P123b (LER-1117-643474) Effects of aqueous exposure to Aroclor 1254 on smolt development and immune function in Atlantic salmon, Salmo salar.
Start time: 8:00 AM
Lerner, D1, 2, Iwanowicz, L1, 3, Blazer, V3, McCormick, S2, 1 University of Massachsuetts, Amherst, MA, USA2 USGS, Leetown Science Center, Conte Anadromous Fish Research Center, Turners Falls, MA, USA3 USGS, Leetown Science Center, National Fish Health Research Laboratory, Kearneysville, WV, USA
PCBs exist as persistent organic pollutants in numerous river systems in the United States and are implicated as endocrine disruptors and immunomodulators.
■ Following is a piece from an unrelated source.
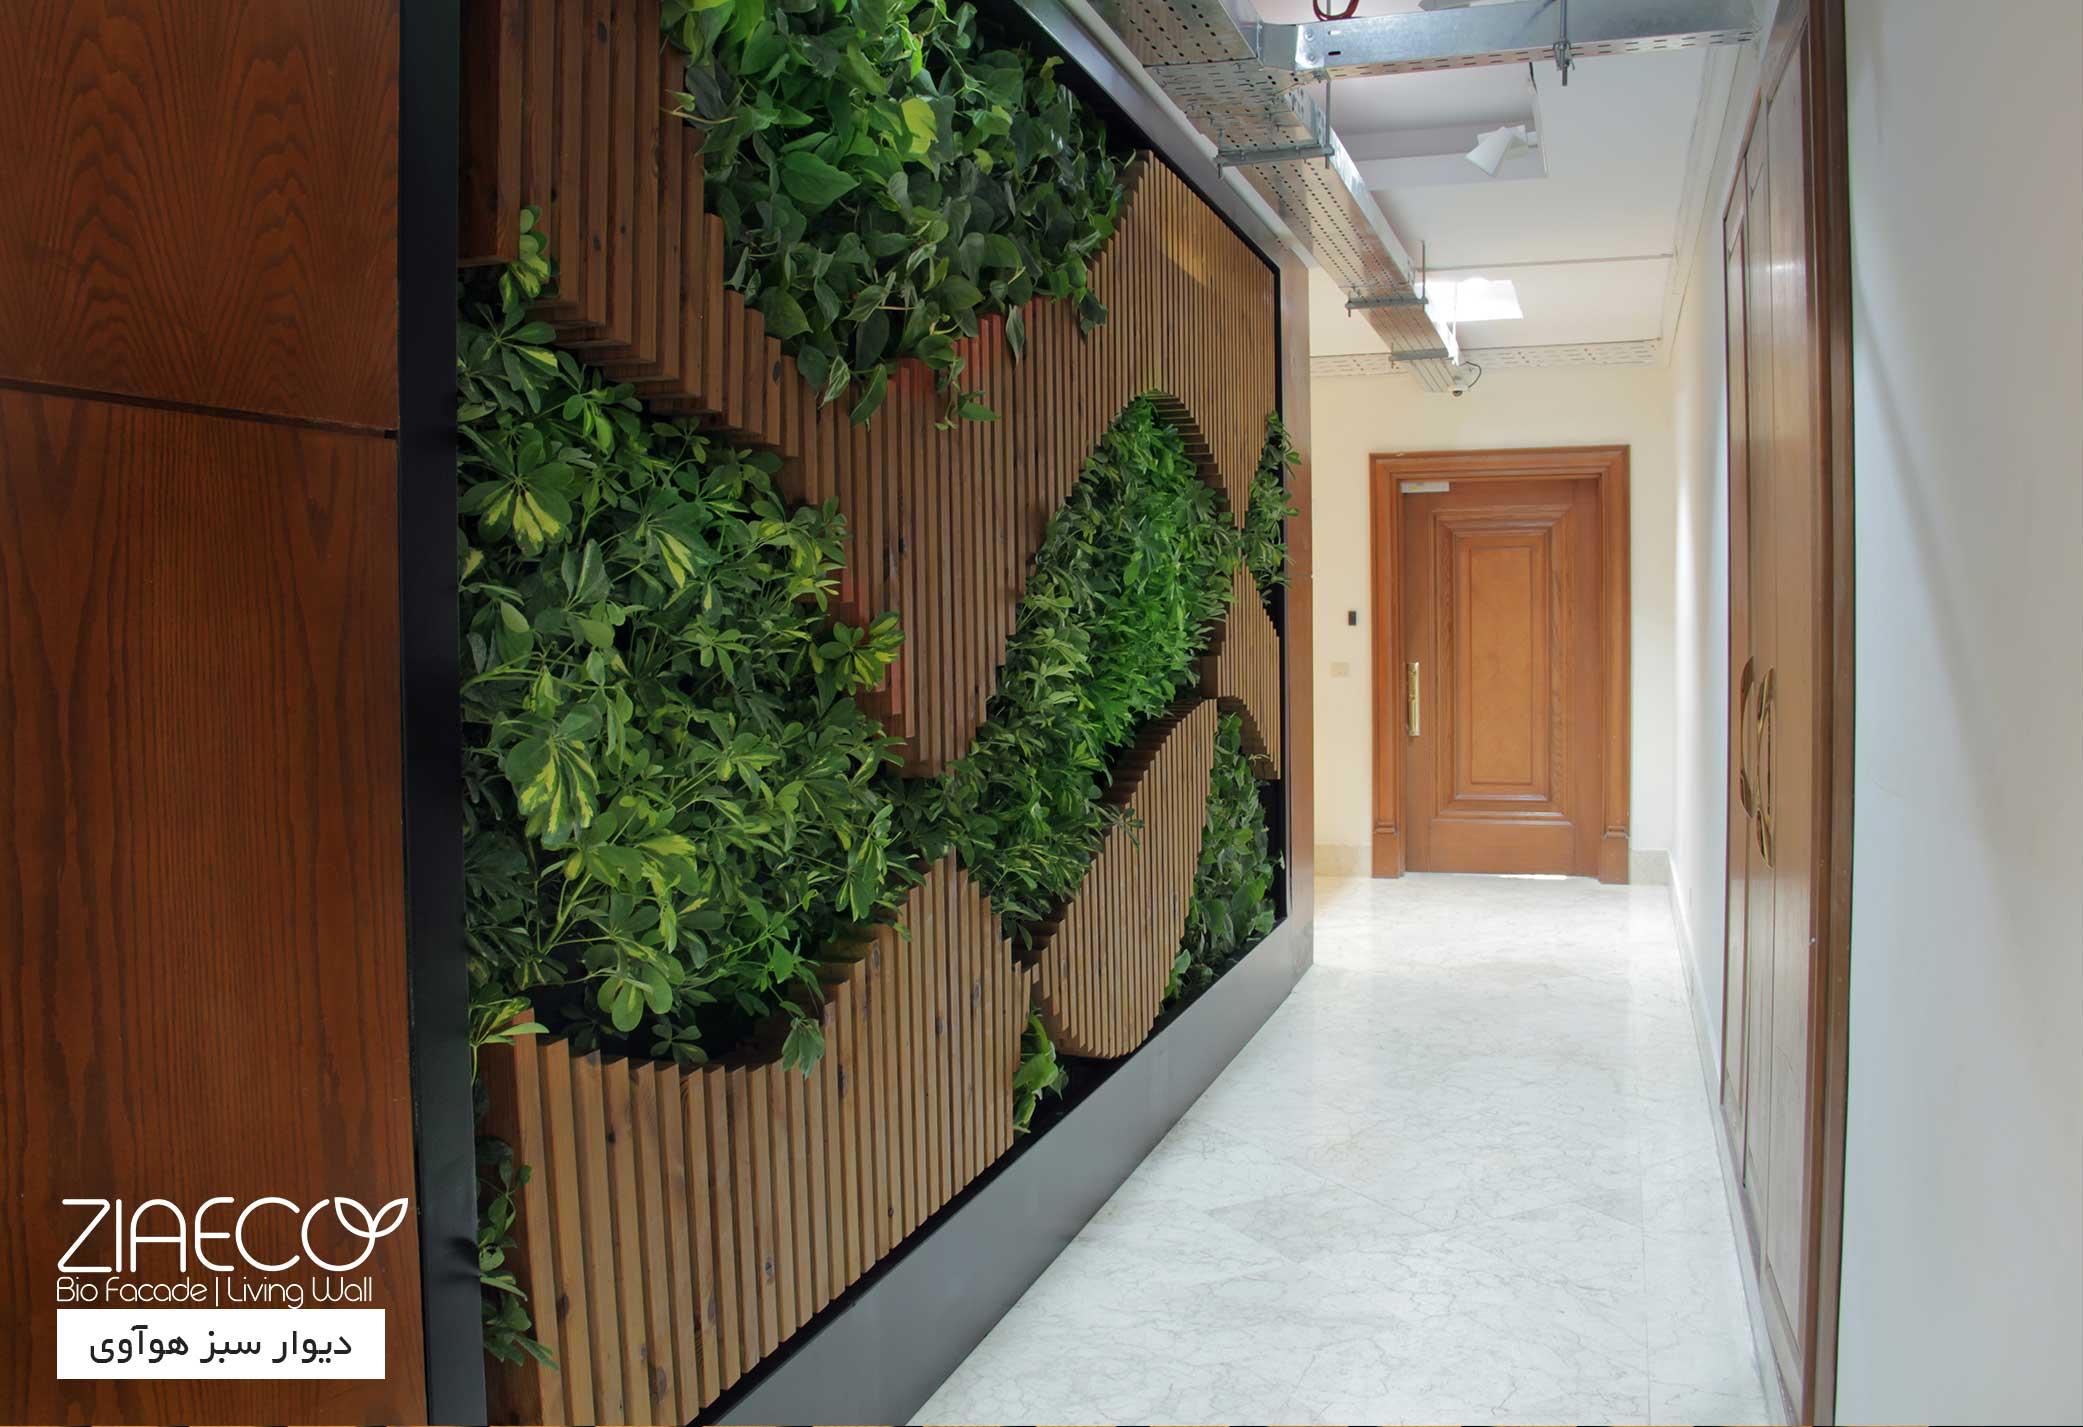 دیوار سبز یا گرین وال داخلی ضیااکو به روش هیدروپونیک در فضای داخلی ساختمان اداری شرکت هواوی واقع در سعادت آباد تهران

Here we investigate the effects of aqueous PCB exposure (1 or 10 ppb Aroclor 1254) on plasma hormone concentrations, changes in osmoregulatory capacity, and behavior associated with smolt development and the mitogen-stimulated lymphoproliferative response of anterior kidney leukocytes in Atlantic salmon. Fish were exposed as smolts for 21 days and examined immediately after exposure, or exposed as post-hatch larvae for 21 days and examined 15 months after exposure. Plasma concentrations of cortisol, growth hormone, insulin-like growth factor I, and thyroid hormones were not significantly impacted, however exposure to 10 ppb Aroclor during smolting reduced gill Na, K-ATPase activity, plasma chloride concentration, and seawater preference. The proliferative response to the T cell mitogens CON A and PHA-P was significantly increased in smolts exposed to 10 ppb, and the PHA-P response was significantly increased in the 1 ppb group. In fish treated as larvae and tested 15 months later, the PHA-P sensitive populations exhibited elevated proliferation in the 1 and 10 ppb groups while the PWM response was significantly increased only in the 10 ppb group. These results suggest that the effects of Aroclor 1254 on immune function are disassociated from endocrine factors critical to smolting.